First, let’s create a basic graph. As many have before us, we’ll use the diamonds dataset included in the ggplot library.
## Warning: package 'ggplot2' was built under R version 3.3.3
## Warning: package 'dplyr' was built under R version 3.3.3
## ## Attaching package: 'dplyr'
## The following objects are masked from 'package:stats': ## ## filter, lag
## The following objects are masked from 'package:base': ## ## intersect, setdiff, setequal, union
## Classes 'tbl_df', 'tbl' and 'data.frame': 53940 obs. of 10 variables: ## $ carat : num 0.23 0.21 0.23 0.29 0.31 0.24 0.24 0.26 0.22 0.23 ... ## $ cut : Ord.factor w/ 5 levels "Fair"<"Good"<..: 5 4 2 4 2 3 3 3 1 3 ... ## $ color : Ord.factor w/ 7 levels "D"<"E"<"F"<"G"<..: 2 2 2 6 7 7 6 5 2 5 ... ## $ clarity: Ord.factor w/ 8 levels "I1"<"SI2"<"SI1"<..: 2 3 5 4 2 6 7 3 4 5 ... ## $ depth : num 61.5 59.8 56.9 62.4 63.3 62.8 62.3 61.9 65.1 59.4 ... ## $ table : num 55 61 65 58 58 57 57 55 61 61 ... ## $ price : int 326 326 327 334 335 336 336 337 337 338 ... ## $ x : num 3.95 3.89 4.05 4.2 4.34 3.94 3.95 4.07 3.87 4 ... ## $ y : num 3.98 3.84 4.07 4.23 4.35 3.96 3.98 4.11 3.78 4.05 ... ## $ z : num 2.43 2.31 2.31 2.63 2.75 2.48 2.47 2.53 2.49 2.39 ...
diamonds %>% ggplot(aes(x = carat, y = price)) + geom_point() + xlab("Carat") + ylab("Price")
This is a solid chart.
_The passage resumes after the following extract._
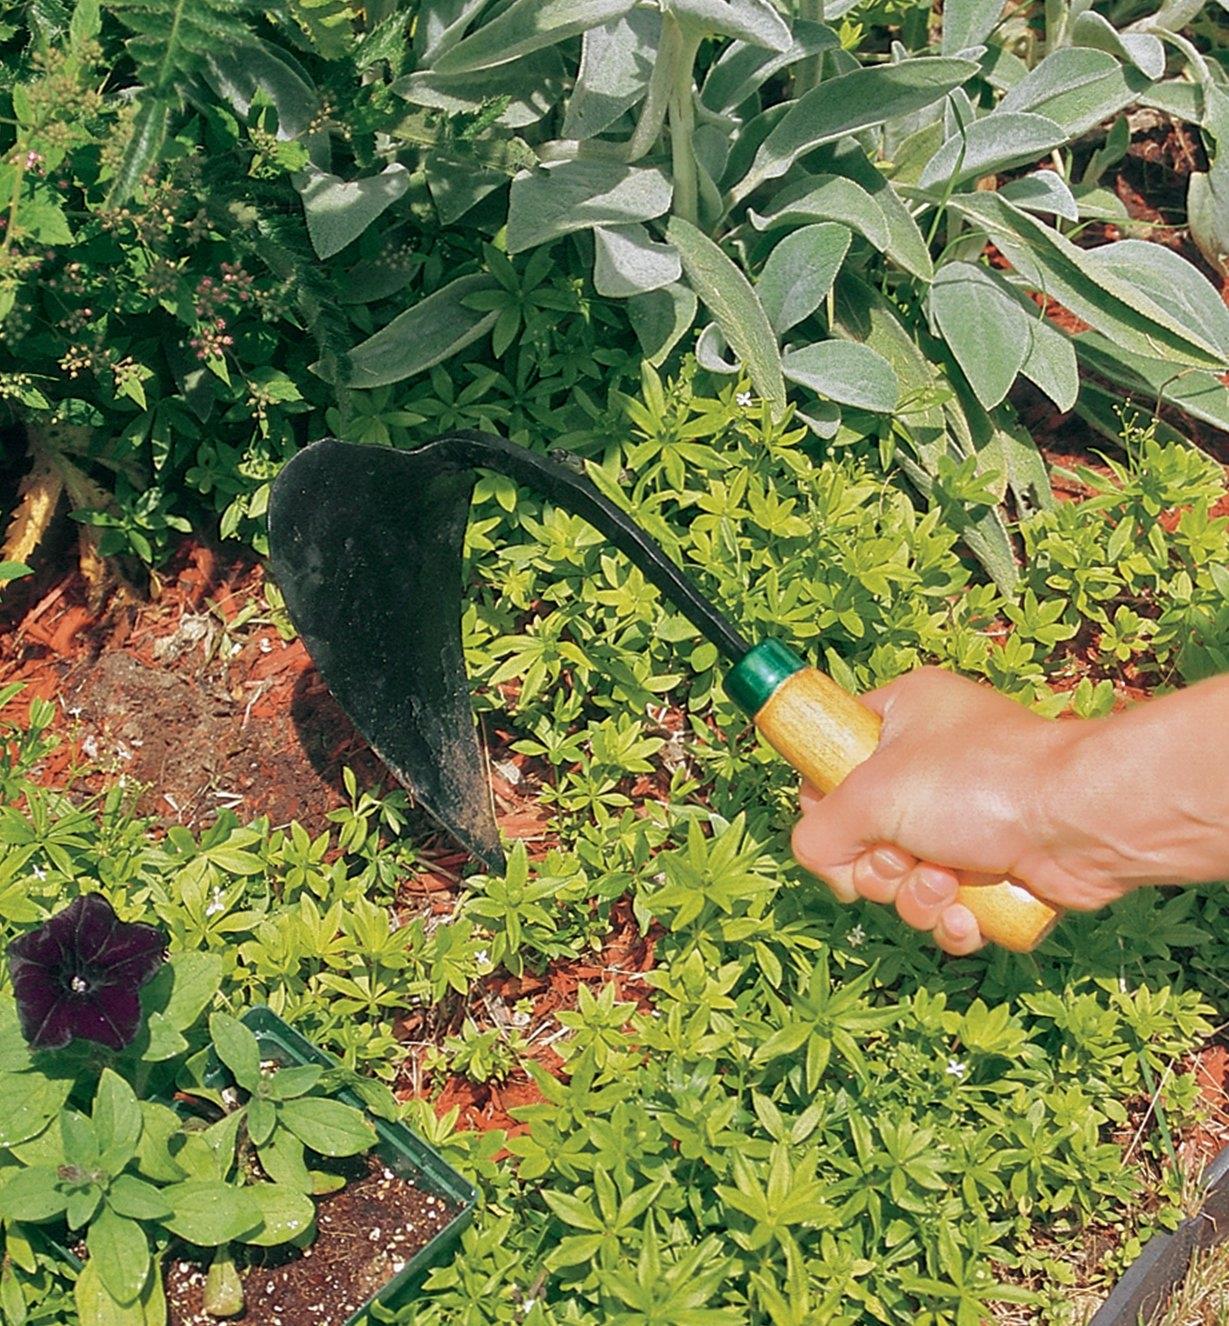 Short-Handled Ho-Mi Digger being used for weeding

It displays the data, you can see the outlines of the dataset. But how could it be improved?
- The chart has turned into a mass of black. Whilst there is nothing wrong with black, it hides the true density of the points in it’s area. Can we better convey the relative density of points in an area?
- To do this, we could change the alpha setting to reduce overplotting. Alternatively, we could try a different method of representing the data, such as a density plot. For this example, we’ll reduce the alpha
diamonds %>% ggplot(aes(x = carat, y = price)) + geom_point(alpha = 0.1) + xlab("Carat") + ylab("Price")
Ah, much better. But what else could be improved? What are the minimum and maximum values in the dataset? Currently we can’t easily see these. Tufte suggests editing the axis to become range bars. With less ink, you convey more information (magic!).
## Warning: package 'ggthemes' was built under R version 3.3.3
diamonds %>% ggplot(aes(x = carat, y = price)) + geom_point(alpha = 0.1) + geom_rangeframe() + xlab("Carat") + ylab("Price") + scale_x_continuous(breaks = extended_range_breaks()(diamonds$carat)) + scale_y_continuous(breaks = extended_range_breaks()(diamonds$price)) + theme_tufte()
So what’s different in this plot?
- We’ve reduced the overplotting of the points by lowering their alpha level. It’s now more easy to see the density of the points.
- We’ve changed the axis into range bars. It’s now easy to read the range values for the data set
- We’ve stripped out the nonessential ink, such as the background and gridlines.
To do this, we used a few tools included in the
geom_range()to change the axis into range bars
theme_tufte()to remove the background and gridlines
extended_range_breaks()to create axis breaks that include the extreme values of the data.
ggplot2 makes it very easy to produce good looking visualisations. But sometimes less is more. In the Visual Display of Quantative Information, Tufte demonstrates that with a bit of thought, plots can be made even more effective at conveying information. Rather than mixing data with a chart style and “mixing well”, we should envision the end product of what we wish to convey.